━━━━━ Dataset excerpt

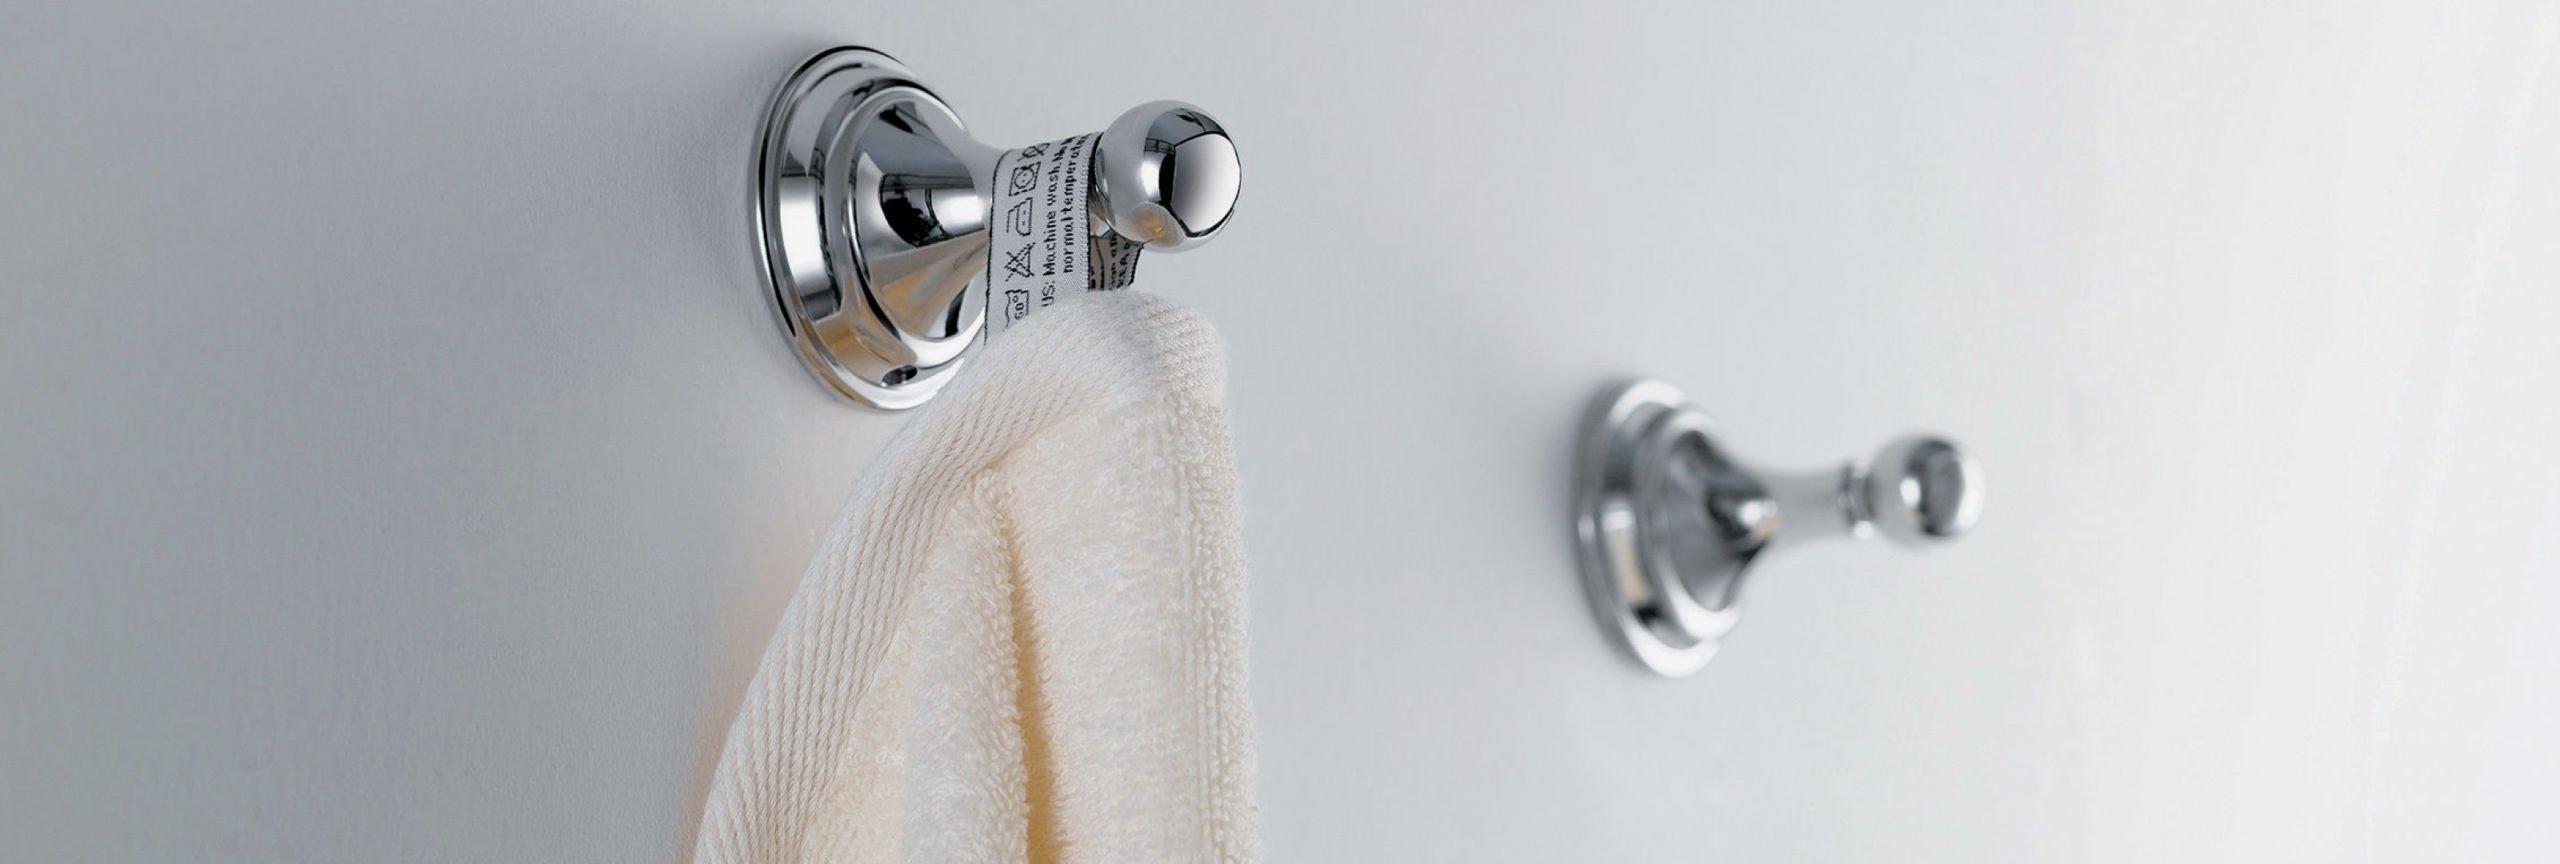 bathroom accessories: robe hooks on wall
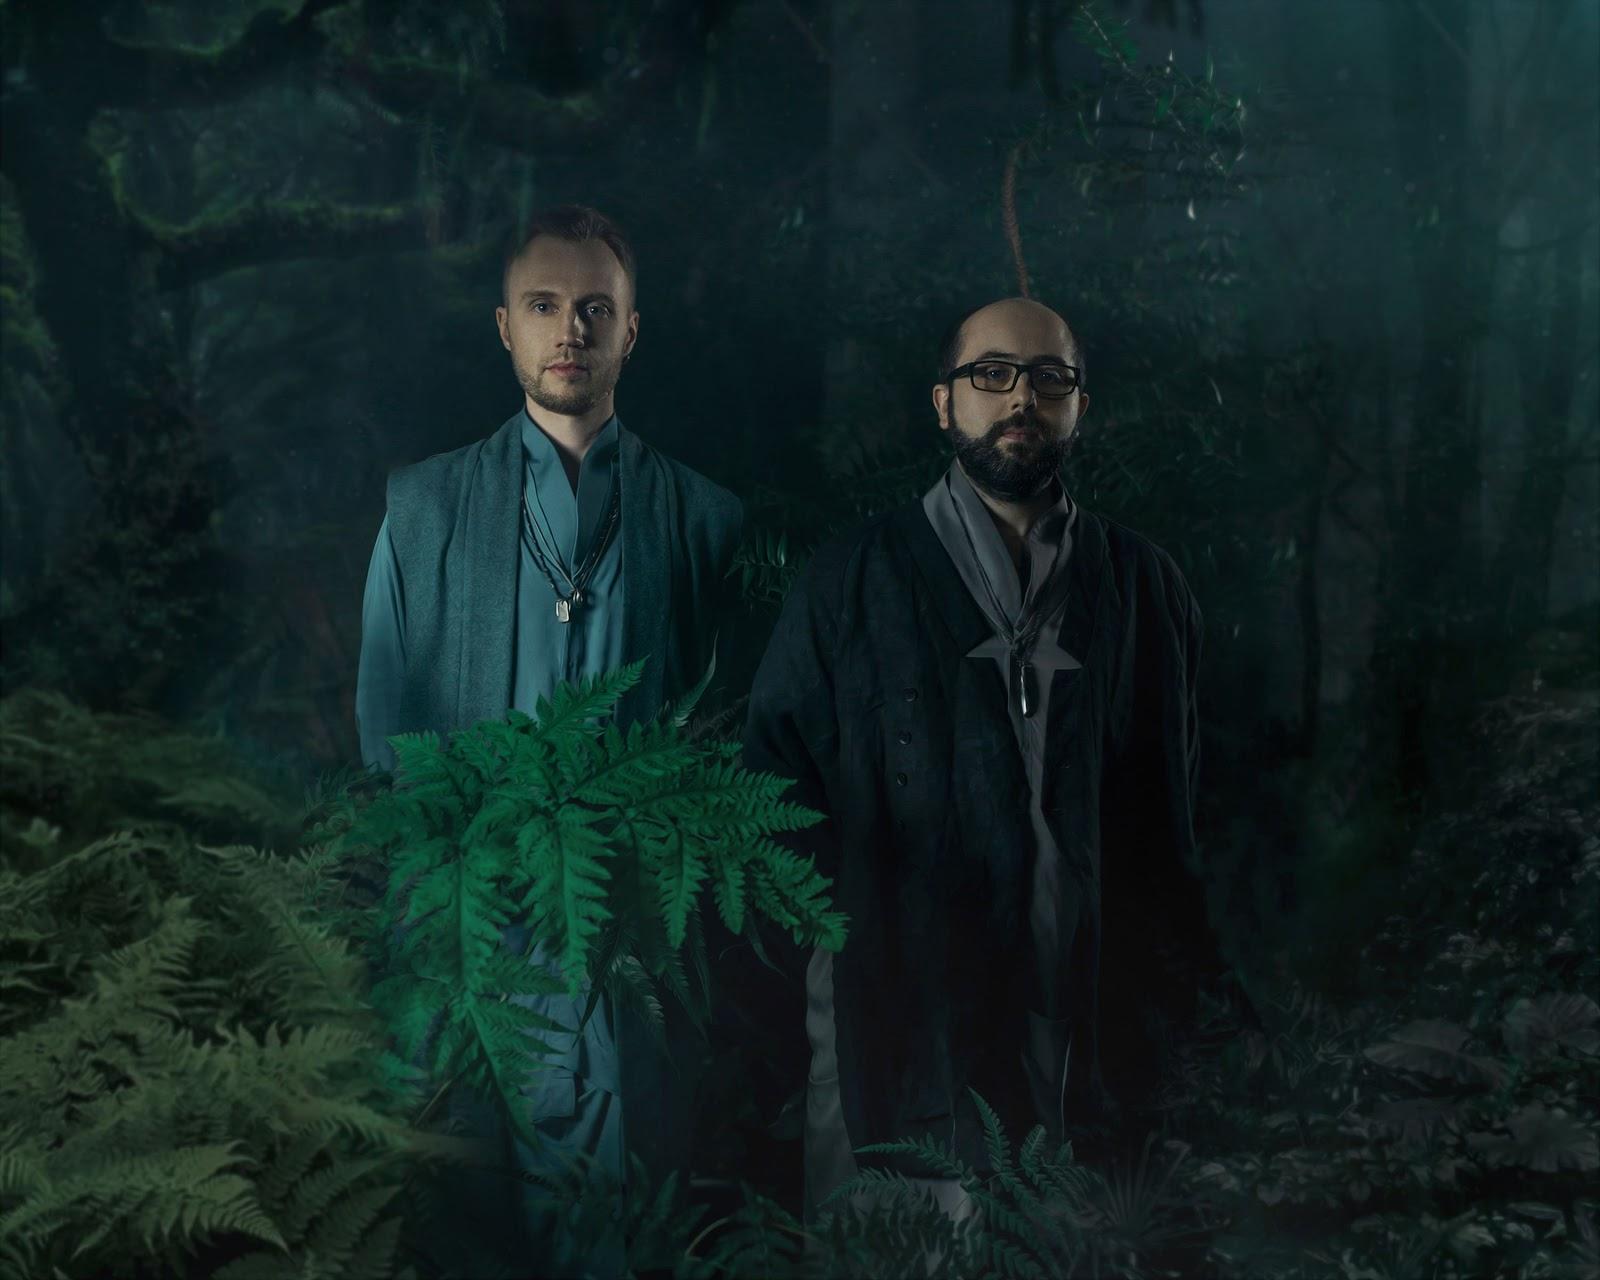 Volen Sentir shares stunning LIVE @ Magic Forest
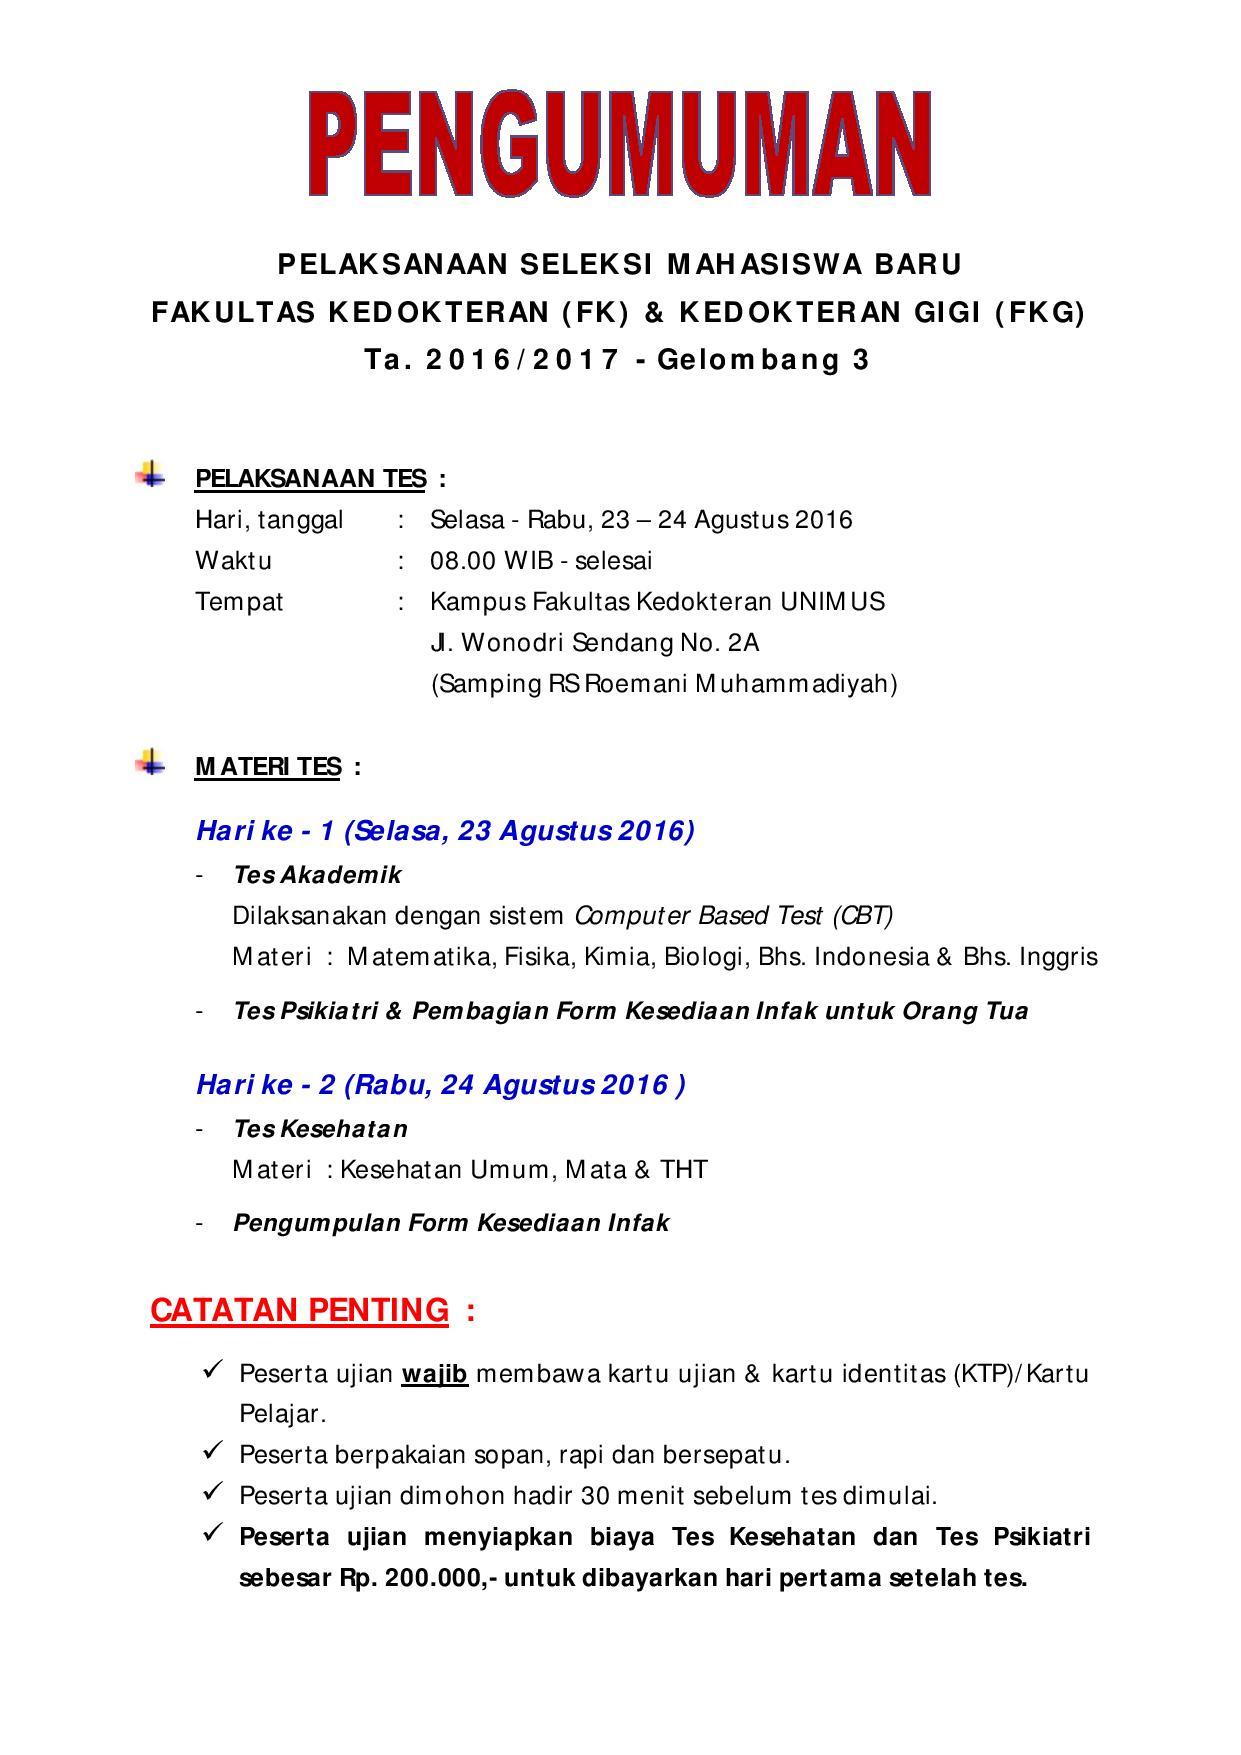 PENGUMUMAN TES FK Gel 3_WEB-page-001

━━━━━━━━━━

__Problem statement__:
Reproduce the listing exactly, but keep its images out of the copy.

__Expected answer__:
 bathroom accessories: robe hooks on wall
 Volen Sentir shares stunning LIVE @ Magic Forest
 PENGUMUMAN TES FK Gel 3_WEB-page-001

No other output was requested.